**DATA SUPPLIED:**
____
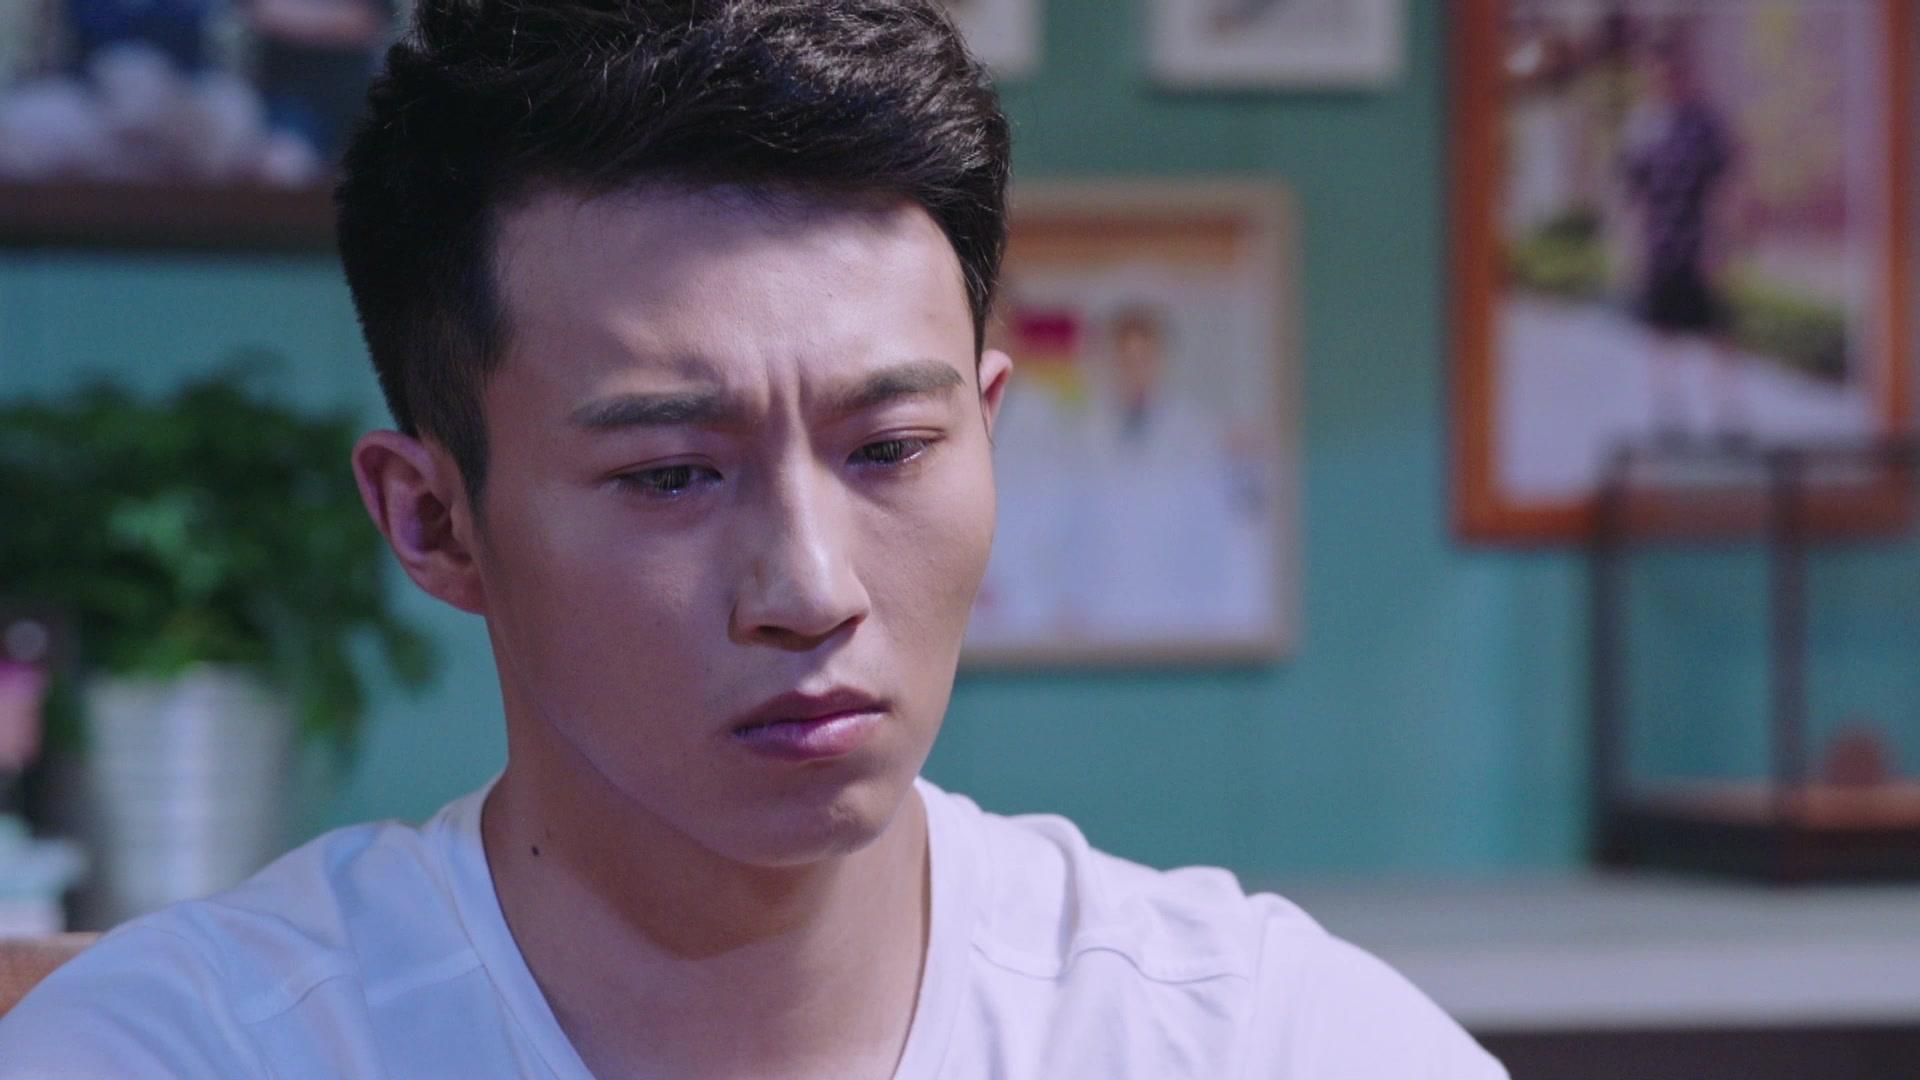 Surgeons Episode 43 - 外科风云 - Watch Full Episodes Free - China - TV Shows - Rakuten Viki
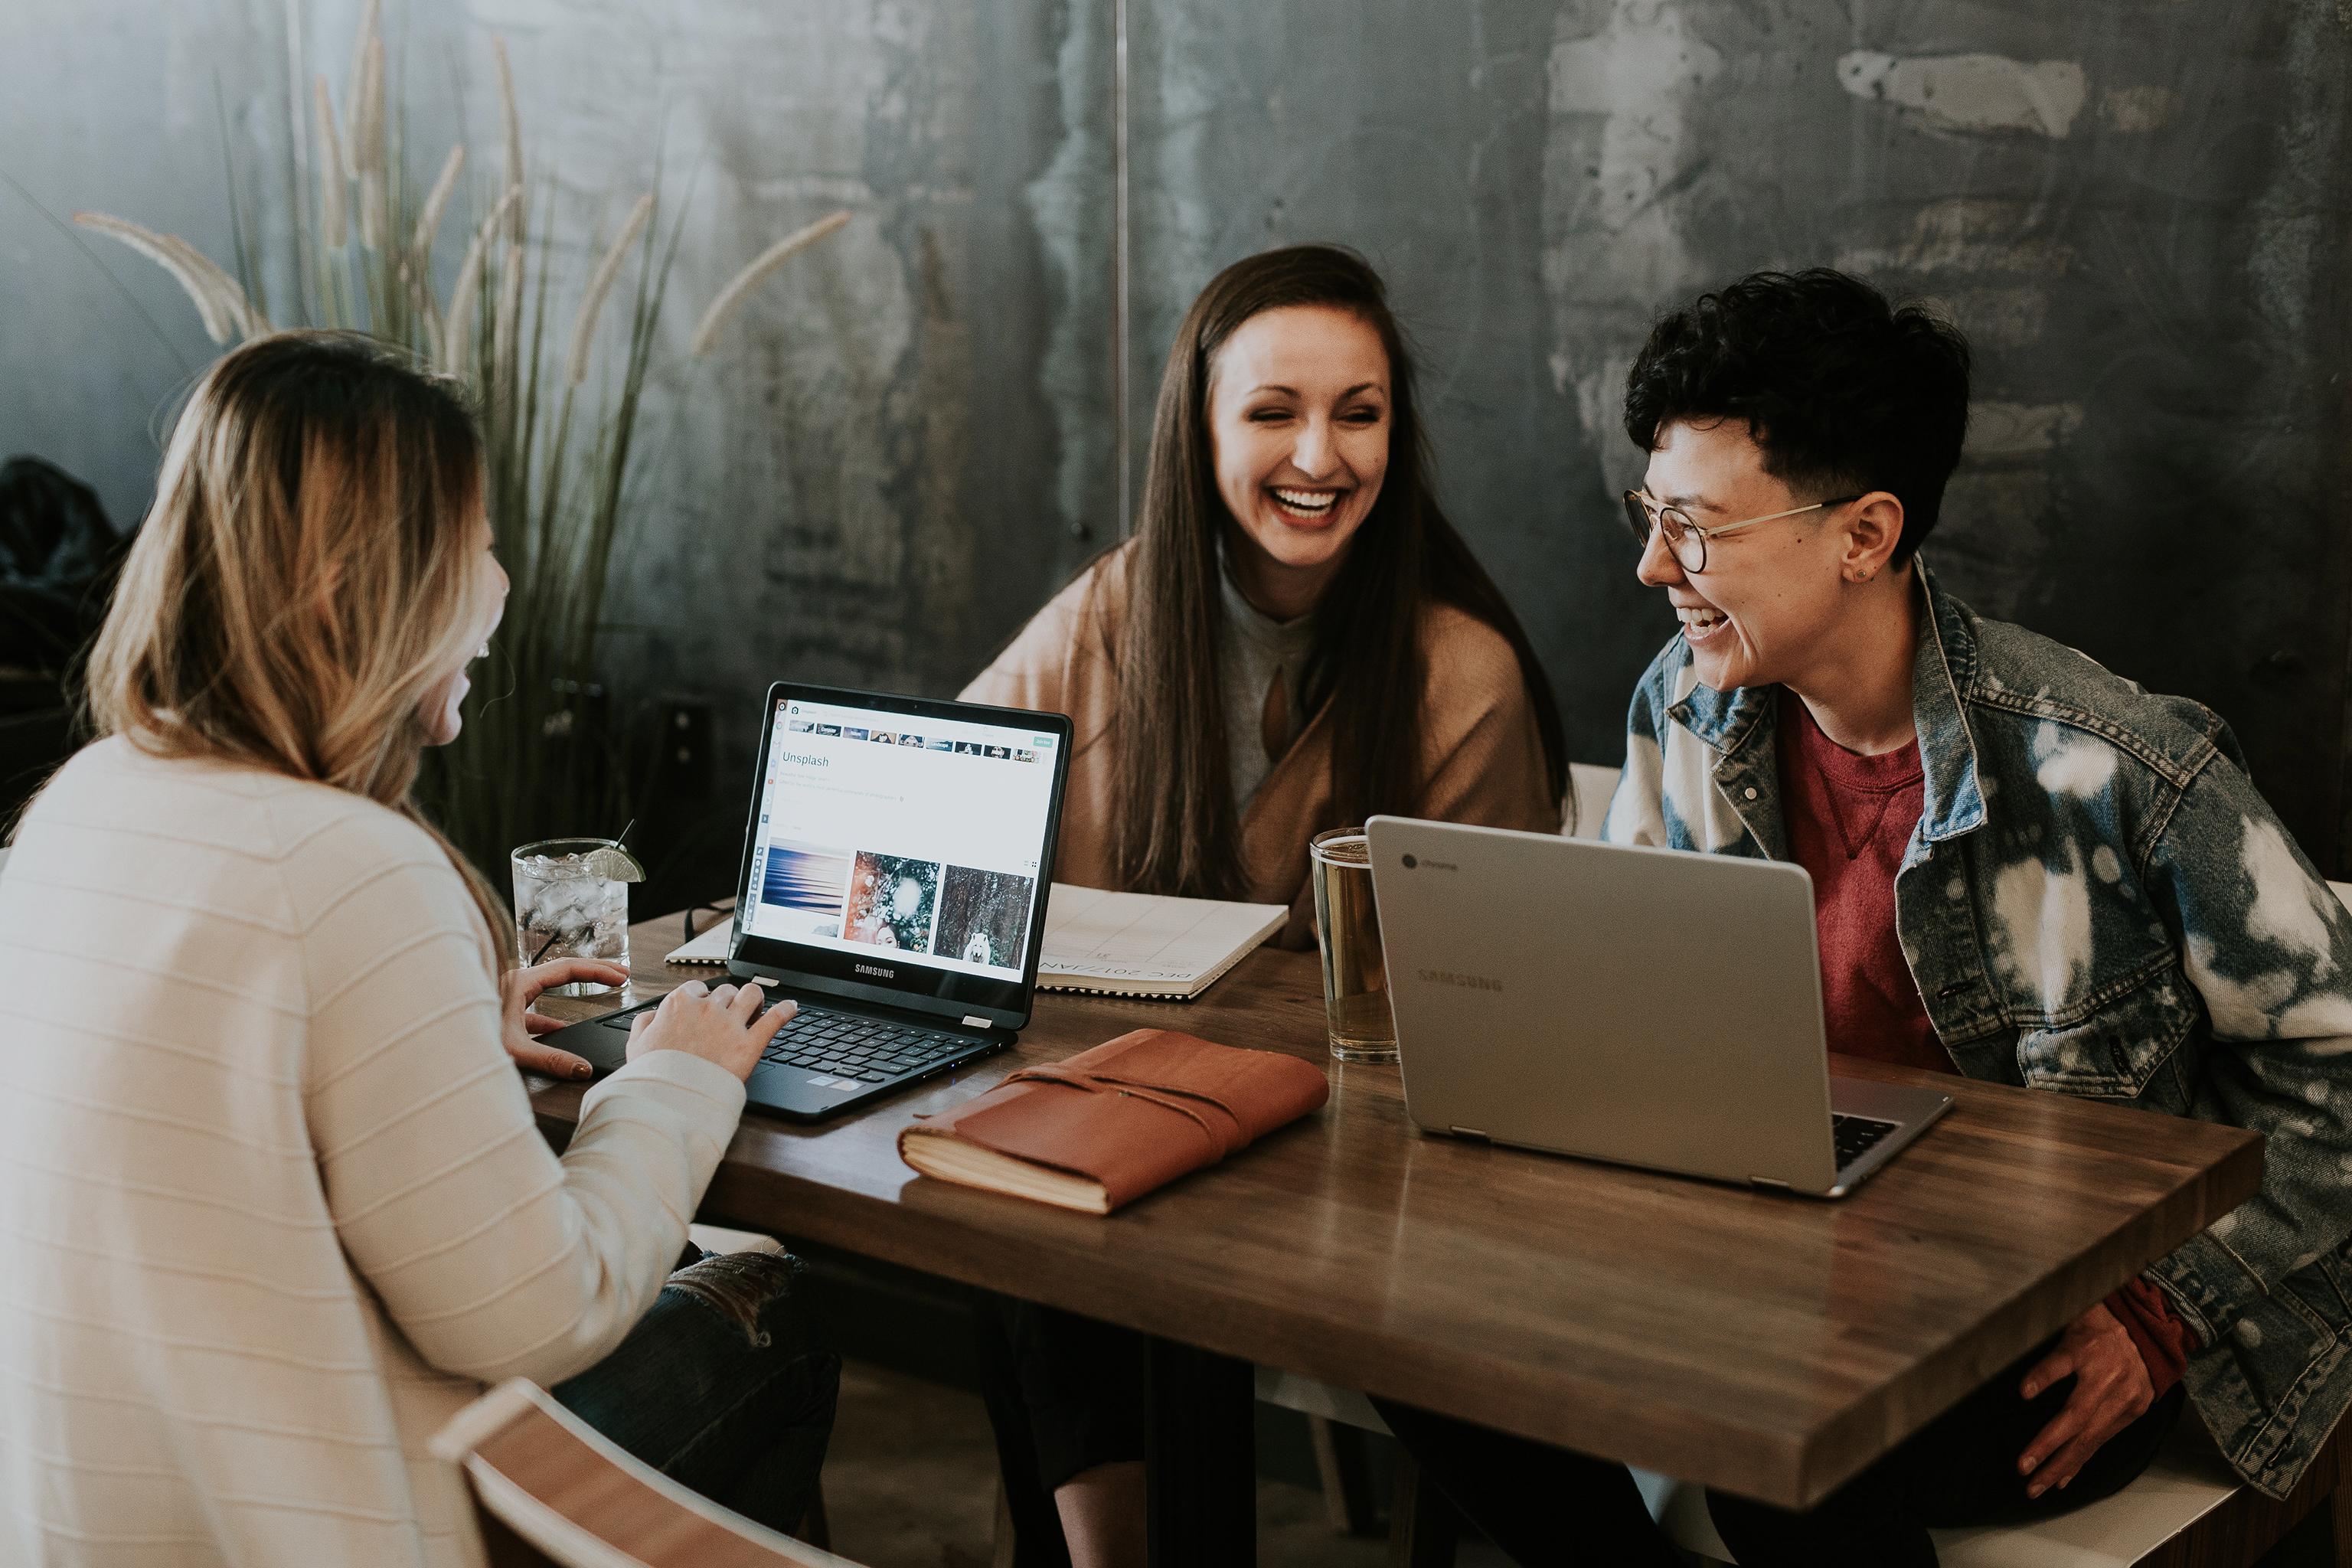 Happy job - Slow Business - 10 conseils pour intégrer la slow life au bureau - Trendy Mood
____
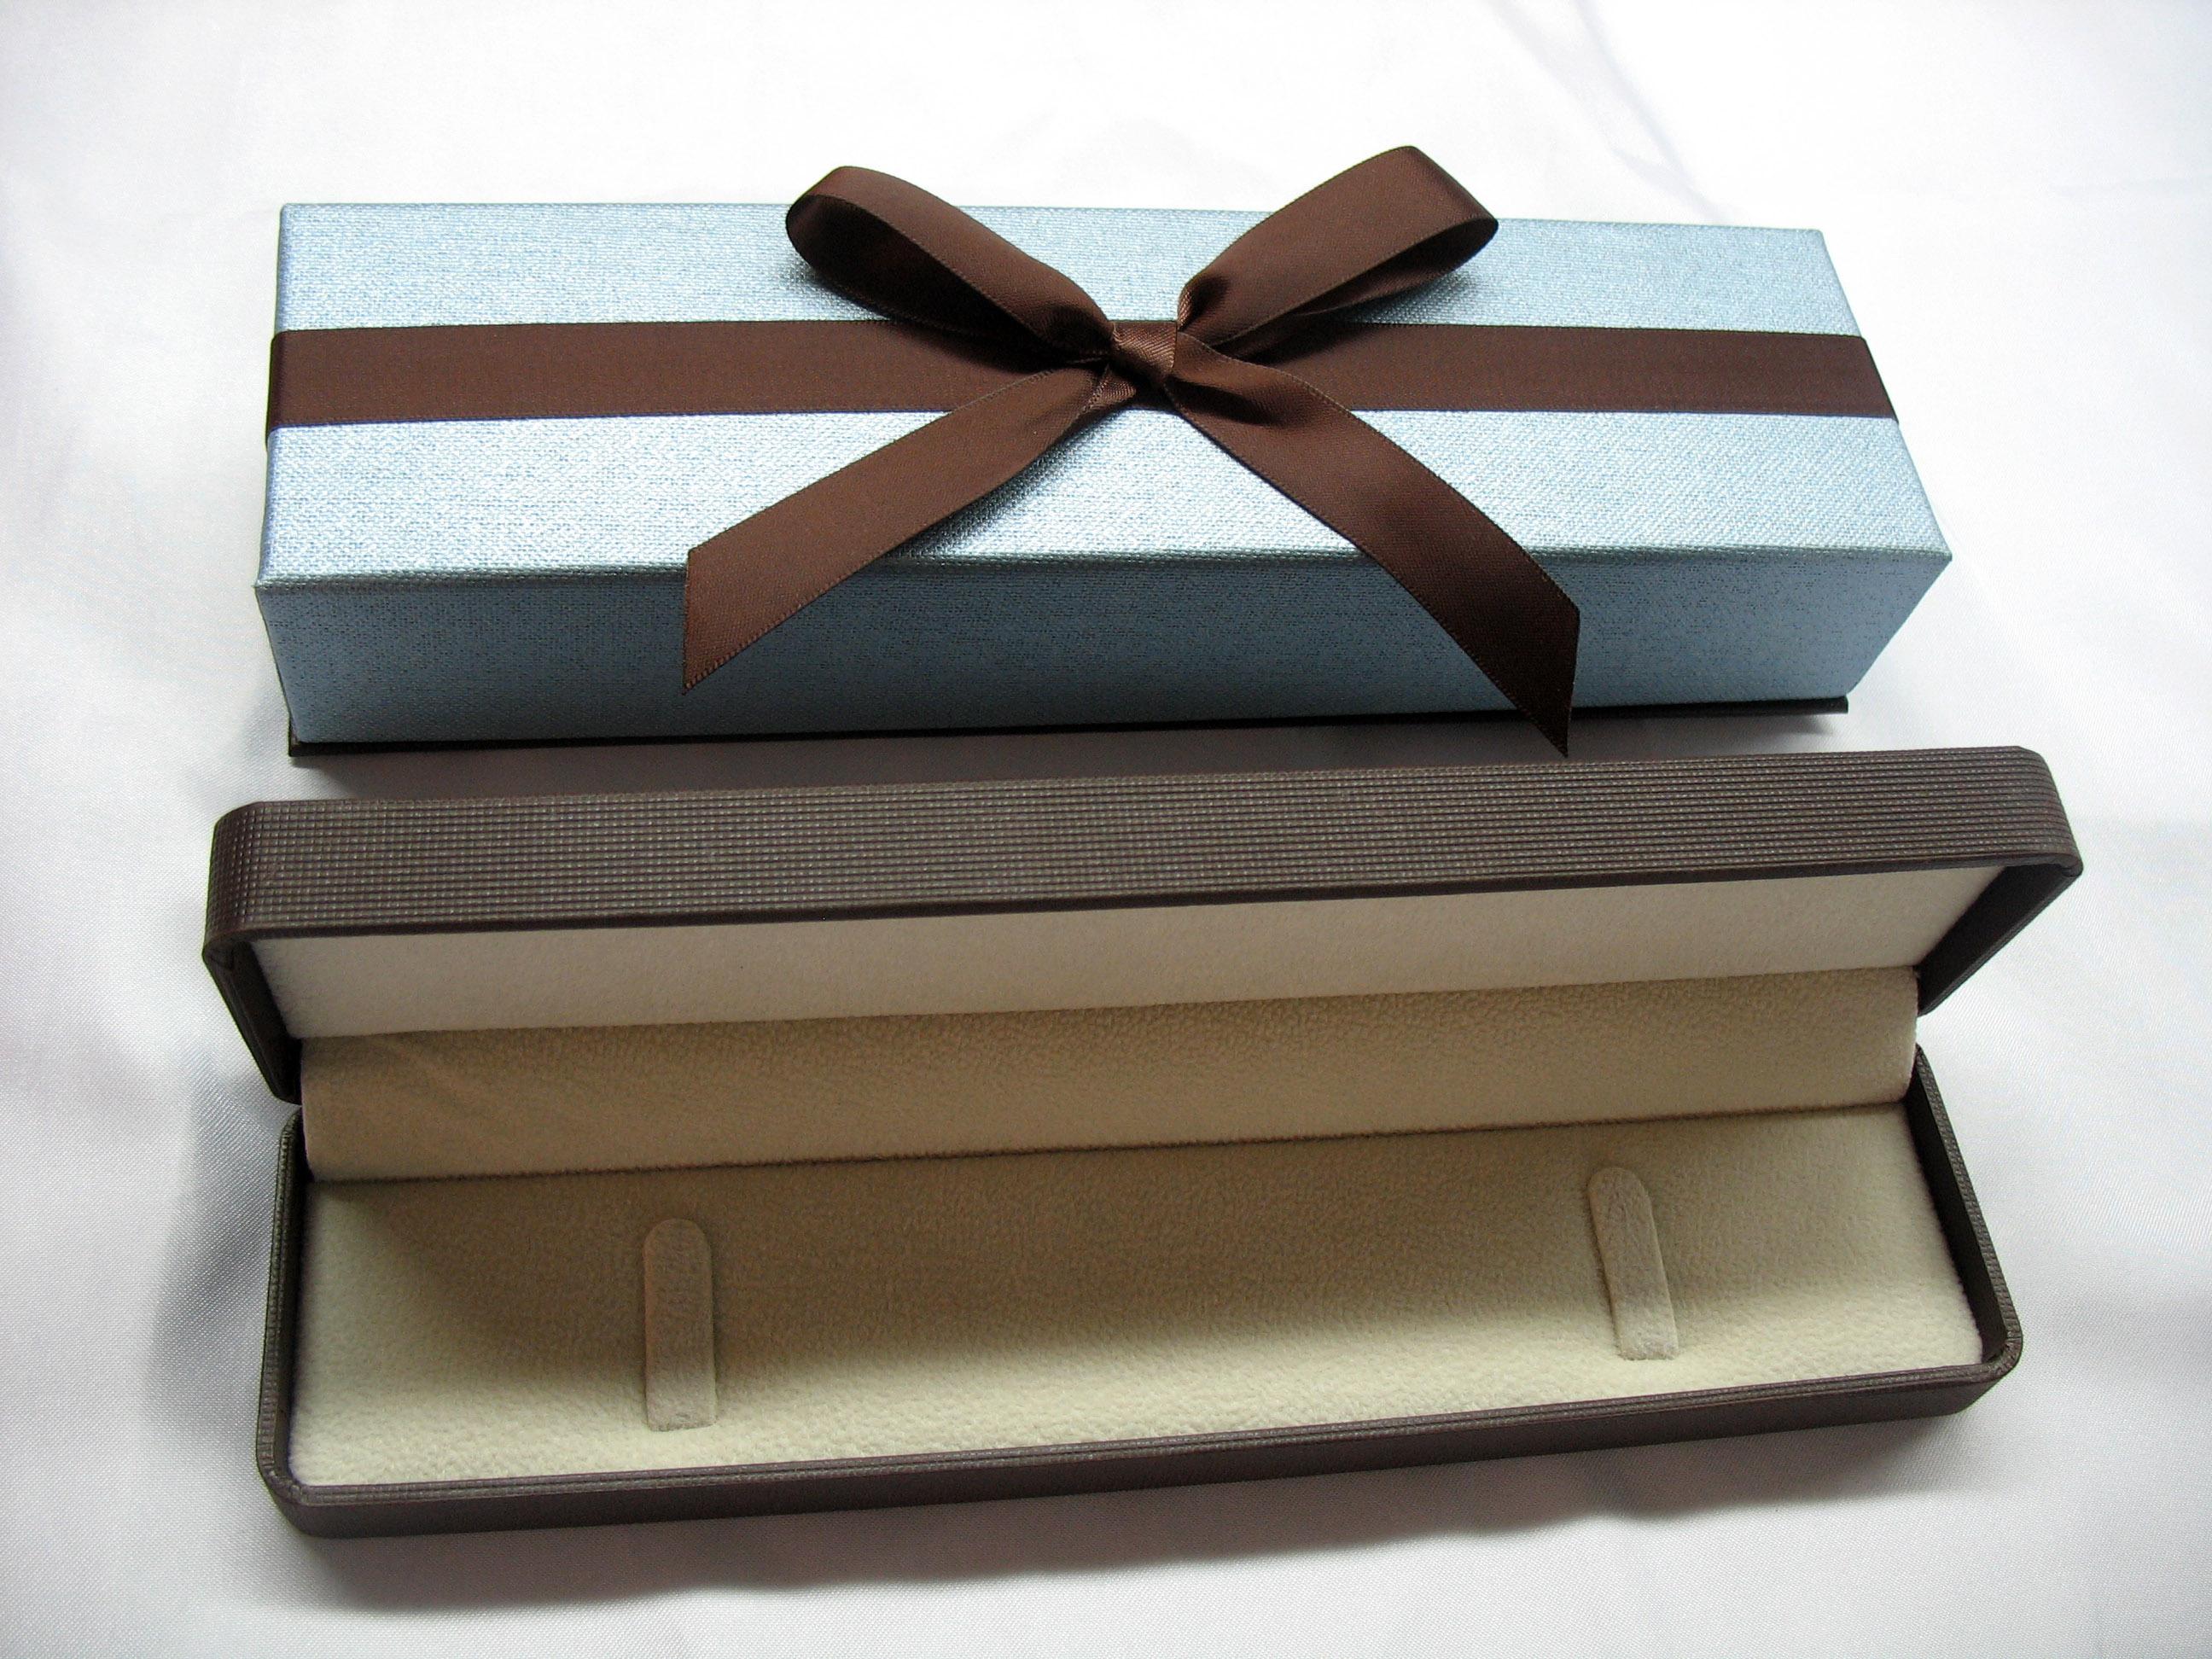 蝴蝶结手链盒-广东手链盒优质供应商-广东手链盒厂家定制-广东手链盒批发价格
____
**TASK TO COMPLETE:**
Nothing but the lines from the one containing "Surgeons Episode 43" through the one containing "Happy job - Slow" should appear, copied exactly from the material above and without pictures.

**RESPONSE:**
 Surgeons Episode 43 - 外科风云 - Watch Full Episodes Free - China - TV Shows - Rakuten Viki
 Happy job - Slow Business - 10 conseils pour intégrer la slow life au bureau - Trendy Mood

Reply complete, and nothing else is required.